Task inputs section start

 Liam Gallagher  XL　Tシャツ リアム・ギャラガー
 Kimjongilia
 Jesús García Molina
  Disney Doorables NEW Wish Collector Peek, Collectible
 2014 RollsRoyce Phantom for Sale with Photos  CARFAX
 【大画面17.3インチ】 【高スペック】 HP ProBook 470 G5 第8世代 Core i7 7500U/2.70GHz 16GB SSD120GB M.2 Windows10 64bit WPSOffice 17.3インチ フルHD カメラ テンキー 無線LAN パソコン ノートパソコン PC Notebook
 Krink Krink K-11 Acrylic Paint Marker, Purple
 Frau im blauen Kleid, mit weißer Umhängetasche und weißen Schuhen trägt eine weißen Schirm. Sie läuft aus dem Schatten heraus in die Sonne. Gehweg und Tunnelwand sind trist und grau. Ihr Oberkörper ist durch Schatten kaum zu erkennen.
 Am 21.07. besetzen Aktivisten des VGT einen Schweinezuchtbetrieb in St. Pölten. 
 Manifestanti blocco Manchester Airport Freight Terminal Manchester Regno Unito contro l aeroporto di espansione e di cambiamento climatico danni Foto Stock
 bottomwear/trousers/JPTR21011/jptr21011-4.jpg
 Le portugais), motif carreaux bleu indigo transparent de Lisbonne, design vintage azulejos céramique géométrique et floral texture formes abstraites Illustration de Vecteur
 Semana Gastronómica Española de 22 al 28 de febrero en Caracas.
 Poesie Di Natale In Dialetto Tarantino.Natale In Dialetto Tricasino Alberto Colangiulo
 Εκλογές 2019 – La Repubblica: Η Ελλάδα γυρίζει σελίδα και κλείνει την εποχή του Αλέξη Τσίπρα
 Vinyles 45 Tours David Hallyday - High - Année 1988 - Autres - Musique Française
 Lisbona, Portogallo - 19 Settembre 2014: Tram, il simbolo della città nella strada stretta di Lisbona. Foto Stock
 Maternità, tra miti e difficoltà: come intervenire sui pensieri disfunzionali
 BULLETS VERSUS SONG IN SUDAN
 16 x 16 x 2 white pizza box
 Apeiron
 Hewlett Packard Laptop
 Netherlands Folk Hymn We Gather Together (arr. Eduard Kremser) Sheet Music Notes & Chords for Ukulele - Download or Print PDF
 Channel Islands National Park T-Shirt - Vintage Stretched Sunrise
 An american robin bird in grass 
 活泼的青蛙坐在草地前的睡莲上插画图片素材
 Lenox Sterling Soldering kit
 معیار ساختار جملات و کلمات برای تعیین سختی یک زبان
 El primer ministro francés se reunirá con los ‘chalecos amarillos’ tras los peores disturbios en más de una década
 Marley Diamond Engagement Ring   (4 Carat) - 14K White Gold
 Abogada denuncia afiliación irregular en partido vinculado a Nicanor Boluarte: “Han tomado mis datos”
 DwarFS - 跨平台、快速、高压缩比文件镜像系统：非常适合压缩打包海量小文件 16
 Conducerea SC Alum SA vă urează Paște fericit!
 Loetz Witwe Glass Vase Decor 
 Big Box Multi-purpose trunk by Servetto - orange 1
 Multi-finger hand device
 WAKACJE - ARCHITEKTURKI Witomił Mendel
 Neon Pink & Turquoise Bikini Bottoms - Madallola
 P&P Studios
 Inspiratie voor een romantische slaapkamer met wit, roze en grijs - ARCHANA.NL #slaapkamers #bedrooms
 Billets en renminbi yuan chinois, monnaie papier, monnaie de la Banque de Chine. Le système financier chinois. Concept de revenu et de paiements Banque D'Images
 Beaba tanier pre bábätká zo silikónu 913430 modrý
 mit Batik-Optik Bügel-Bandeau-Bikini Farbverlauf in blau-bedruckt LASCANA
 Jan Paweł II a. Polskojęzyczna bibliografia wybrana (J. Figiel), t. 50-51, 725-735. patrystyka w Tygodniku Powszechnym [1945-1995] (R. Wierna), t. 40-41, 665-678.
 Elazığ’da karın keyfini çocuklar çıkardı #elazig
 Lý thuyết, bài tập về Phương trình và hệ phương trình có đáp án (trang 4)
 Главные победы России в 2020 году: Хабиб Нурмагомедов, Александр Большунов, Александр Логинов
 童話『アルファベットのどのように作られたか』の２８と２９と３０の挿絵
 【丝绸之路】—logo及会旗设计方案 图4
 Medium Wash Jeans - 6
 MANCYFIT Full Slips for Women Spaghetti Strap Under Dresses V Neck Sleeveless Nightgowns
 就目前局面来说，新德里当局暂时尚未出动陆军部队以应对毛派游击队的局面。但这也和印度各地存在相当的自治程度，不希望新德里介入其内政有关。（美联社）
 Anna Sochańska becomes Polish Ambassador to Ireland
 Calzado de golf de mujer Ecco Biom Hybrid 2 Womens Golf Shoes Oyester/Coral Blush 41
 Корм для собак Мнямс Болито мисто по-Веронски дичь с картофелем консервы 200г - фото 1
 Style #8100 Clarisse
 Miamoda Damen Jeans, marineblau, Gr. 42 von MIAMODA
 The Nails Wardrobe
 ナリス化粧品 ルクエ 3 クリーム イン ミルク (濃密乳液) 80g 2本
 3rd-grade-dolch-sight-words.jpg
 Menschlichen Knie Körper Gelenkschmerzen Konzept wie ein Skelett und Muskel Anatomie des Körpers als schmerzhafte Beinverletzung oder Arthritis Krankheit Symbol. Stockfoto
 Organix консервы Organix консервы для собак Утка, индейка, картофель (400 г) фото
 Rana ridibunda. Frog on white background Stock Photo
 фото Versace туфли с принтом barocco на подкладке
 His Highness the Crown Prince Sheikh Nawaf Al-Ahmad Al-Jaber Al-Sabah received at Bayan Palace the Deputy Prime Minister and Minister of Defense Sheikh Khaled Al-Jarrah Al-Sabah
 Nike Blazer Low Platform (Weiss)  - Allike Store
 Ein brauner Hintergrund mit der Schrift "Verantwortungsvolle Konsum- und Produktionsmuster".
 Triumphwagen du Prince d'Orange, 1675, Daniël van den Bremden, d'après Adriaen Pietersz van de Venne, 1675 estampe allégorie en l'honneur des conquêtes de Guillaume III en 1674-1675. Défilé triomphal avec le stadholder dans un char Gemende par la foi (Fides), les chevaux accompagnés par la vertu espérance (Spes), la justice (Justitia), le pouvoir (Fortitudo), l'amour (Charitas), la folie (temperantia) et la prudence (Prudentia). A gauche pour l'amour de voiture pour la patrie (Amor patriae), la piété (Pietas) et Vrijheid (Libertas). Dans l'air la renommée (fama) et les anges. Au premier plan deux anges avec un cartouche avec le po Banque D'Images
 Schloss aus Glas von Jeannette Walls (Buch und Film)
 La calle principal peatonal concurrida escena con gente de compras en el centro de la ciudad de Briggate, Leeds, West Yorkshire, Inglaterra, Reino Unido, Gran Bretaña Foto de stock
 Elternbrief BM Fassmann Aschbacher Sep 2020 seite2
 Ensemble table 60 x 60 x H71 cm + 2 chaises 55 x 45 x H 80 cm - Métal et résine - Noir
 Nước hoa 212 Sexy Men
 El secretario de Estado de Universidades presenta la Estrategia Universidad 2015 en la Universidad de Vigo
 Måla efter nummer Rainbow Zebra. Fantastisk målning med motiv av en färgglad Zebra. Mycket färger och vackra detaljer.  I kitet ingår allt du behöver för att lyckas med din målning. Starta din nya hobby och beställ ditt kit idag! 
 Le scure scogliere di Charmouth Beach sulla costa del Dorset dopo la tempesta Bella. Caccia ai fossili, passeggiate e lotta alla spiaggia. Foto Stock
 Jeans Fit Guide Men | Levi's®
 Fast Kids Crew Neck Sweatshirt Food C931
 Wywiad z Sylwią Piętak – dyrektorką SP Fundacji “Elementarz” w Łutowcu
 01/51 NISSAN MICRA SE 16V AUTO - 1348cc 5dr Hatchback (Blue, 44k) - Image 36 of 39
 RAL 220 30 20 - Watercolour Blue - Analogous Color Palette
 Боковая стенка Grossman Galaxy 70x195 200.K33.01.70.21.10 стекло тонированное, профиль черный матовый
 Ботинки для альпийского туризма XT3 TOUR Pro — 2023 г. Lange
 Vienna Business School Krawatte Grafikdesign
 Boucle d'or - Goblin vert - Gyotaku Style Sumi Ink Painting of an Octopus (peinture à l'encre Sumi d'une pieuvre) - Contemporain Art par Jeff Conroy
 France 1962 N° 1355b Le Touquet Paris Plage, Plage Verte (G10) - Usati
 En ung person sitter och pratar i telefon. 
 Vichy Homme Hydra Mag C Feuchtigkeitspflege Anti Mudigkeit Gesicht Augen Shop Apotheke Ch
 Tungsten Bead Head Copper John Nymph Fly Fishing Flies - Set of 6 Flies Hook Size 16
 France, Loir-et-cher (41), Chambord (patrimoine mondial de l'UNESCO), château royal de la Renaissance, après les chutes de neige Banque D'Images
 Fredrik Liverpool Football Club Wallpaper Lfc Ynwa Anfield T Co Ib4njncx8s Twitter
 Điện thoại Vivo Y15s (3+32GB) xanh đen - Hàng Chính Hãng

Task inputs section end

Copy all lines above where "Jeans" is present.

→ Result of this exercise:
 Medium Wash Jeans - 6
 Miamoda Damen Jeans, marineblau, Gr. 42 von MIAMODA
 Jeans Fit Guide Men | Levi's®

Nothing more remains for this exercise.